Village in Worcestershire, England

Cotheridge is a village and civil parish in the district of Malvern Hills in the county of Worcestershire, England. It is 4 mi west of the city of Worcester and a mile north-east of the Leigh Court railway station on the Great Western Railway on the opposite side of the River Teme.

The River Teme flows on the southern and south-western part of the village where the land is low-lying and is susceptible to flooding. The soil content is loam and clay with the subsoil being Keuper Marl.

The village is small with most of its residents being widespread. It is noted for its 12th century St. Leonard's Church and manor house. There have been many variations of the name over the centuries including Coddanhrycce (10th century); Codderycce, Koderie, and Codrie (11th century); Kodere, Coddarycge (12th century); Codrigg, Coderigge, Codrugge (13th century); Coterugge (14th century); Coderych, Coderiche (15/16th centuries); Cotheridge, Cowtrige, Cowderidge (17th century).

==History==

The name Cotheridge derives from the Old English Coddahrycg meaning 'Codda's ridge'.

At the time of the Domesday Book it was known as Codrie.
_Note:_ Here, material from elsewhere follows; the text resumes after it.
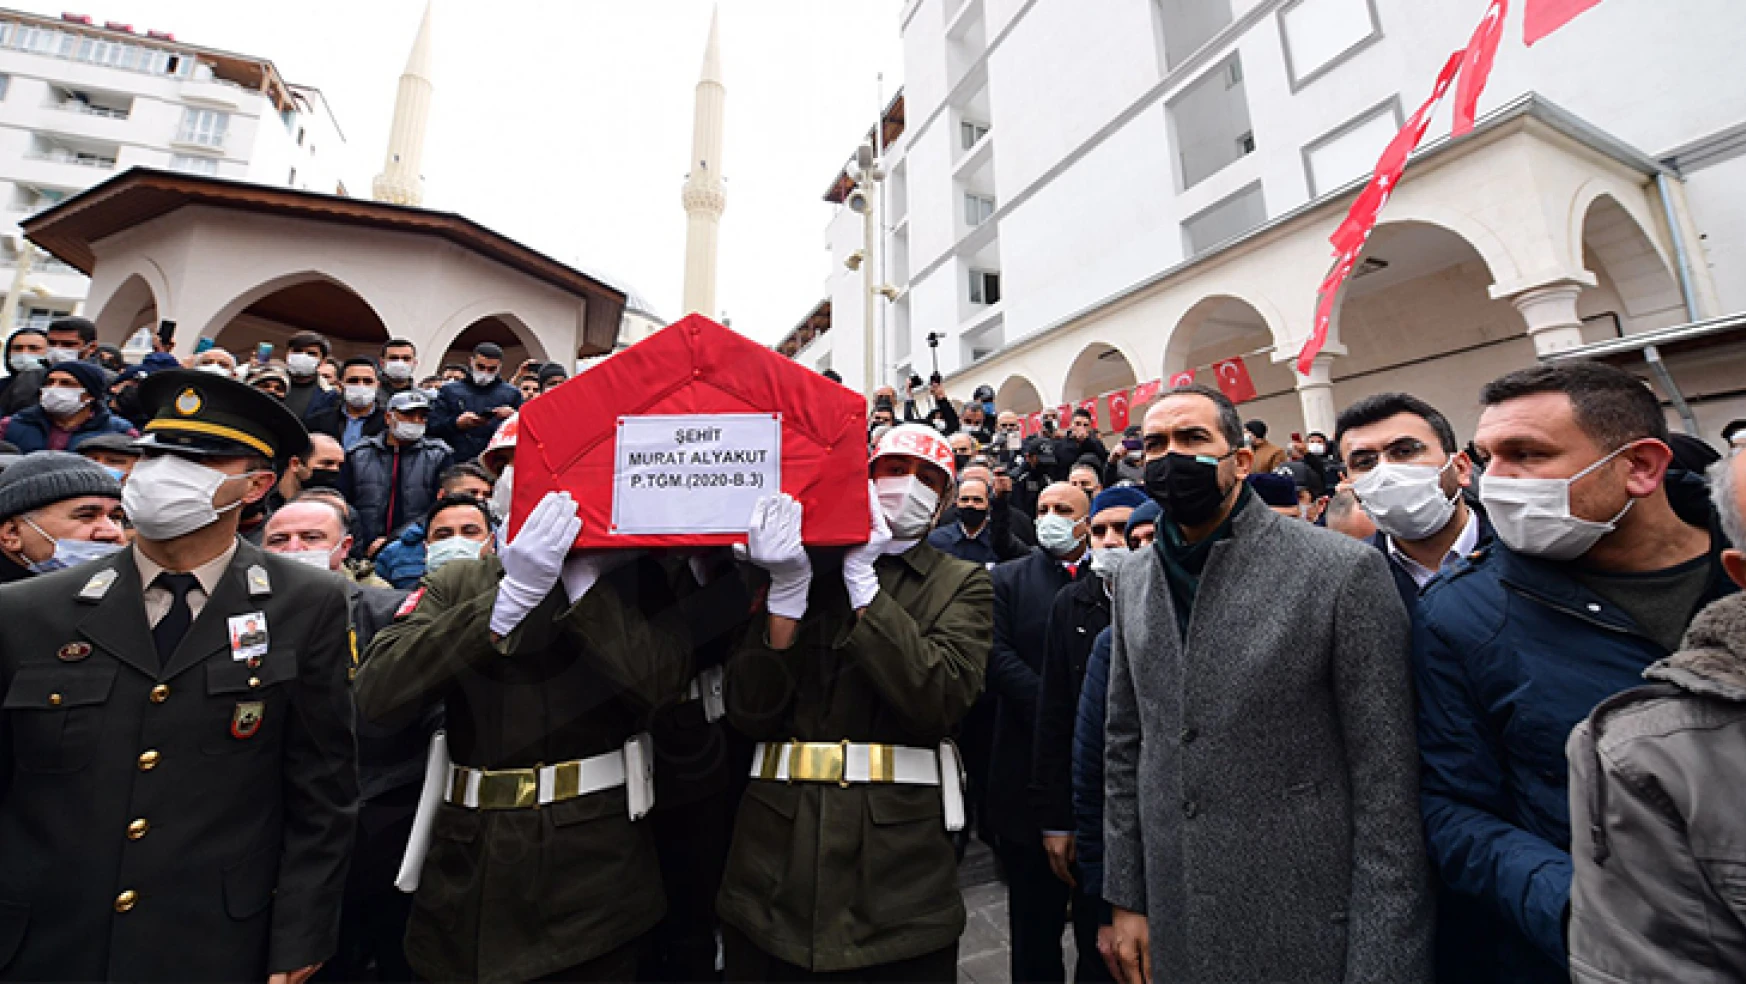 Şehit Piyade Teğmen Murat Alyakut, dualarla toprağa verildi

In 1086 it was mentioned as having a church, a mill, and a timber-framed court. The mill descended with the manor until the 16th century.

The manor house known as Cotheridge Court which dates back to at least the 16th century stands at the south-western part of the village. The 12th-century church of St. Leonard's stands not very far away, and is to this day a visitors centre.
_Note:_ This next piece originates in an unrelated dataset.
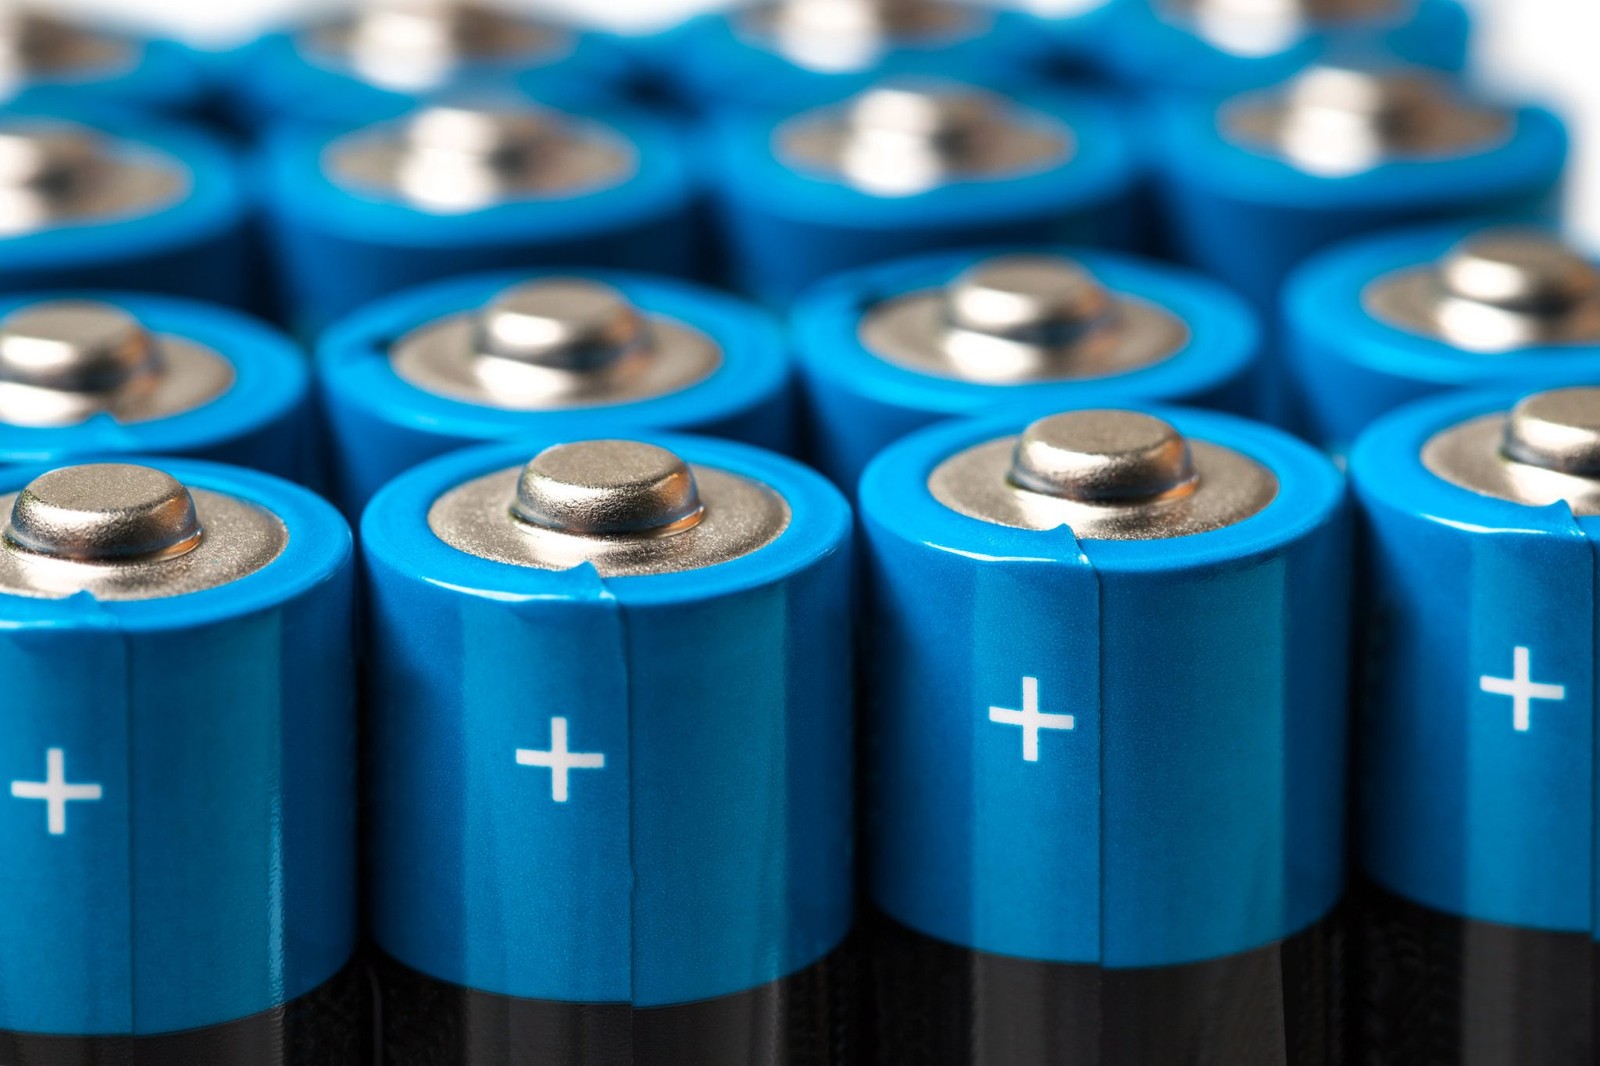 Szykuje się rewolucja w świecie baterii

Cotheridge was in the upper division of Doddingtree Hundred.

Following the Poor Law Amendment Act 1834 Cotheridge Parish ceased to be responsible for maintaining the poor in its parish. This responsibility was transferred to Martley Poor Law Union.

===Agriculture===
In 1304 there were two vineyards belonging to the manor. In the late 19th century the chief crops were wheat, beans, and hops with some land used for pasture.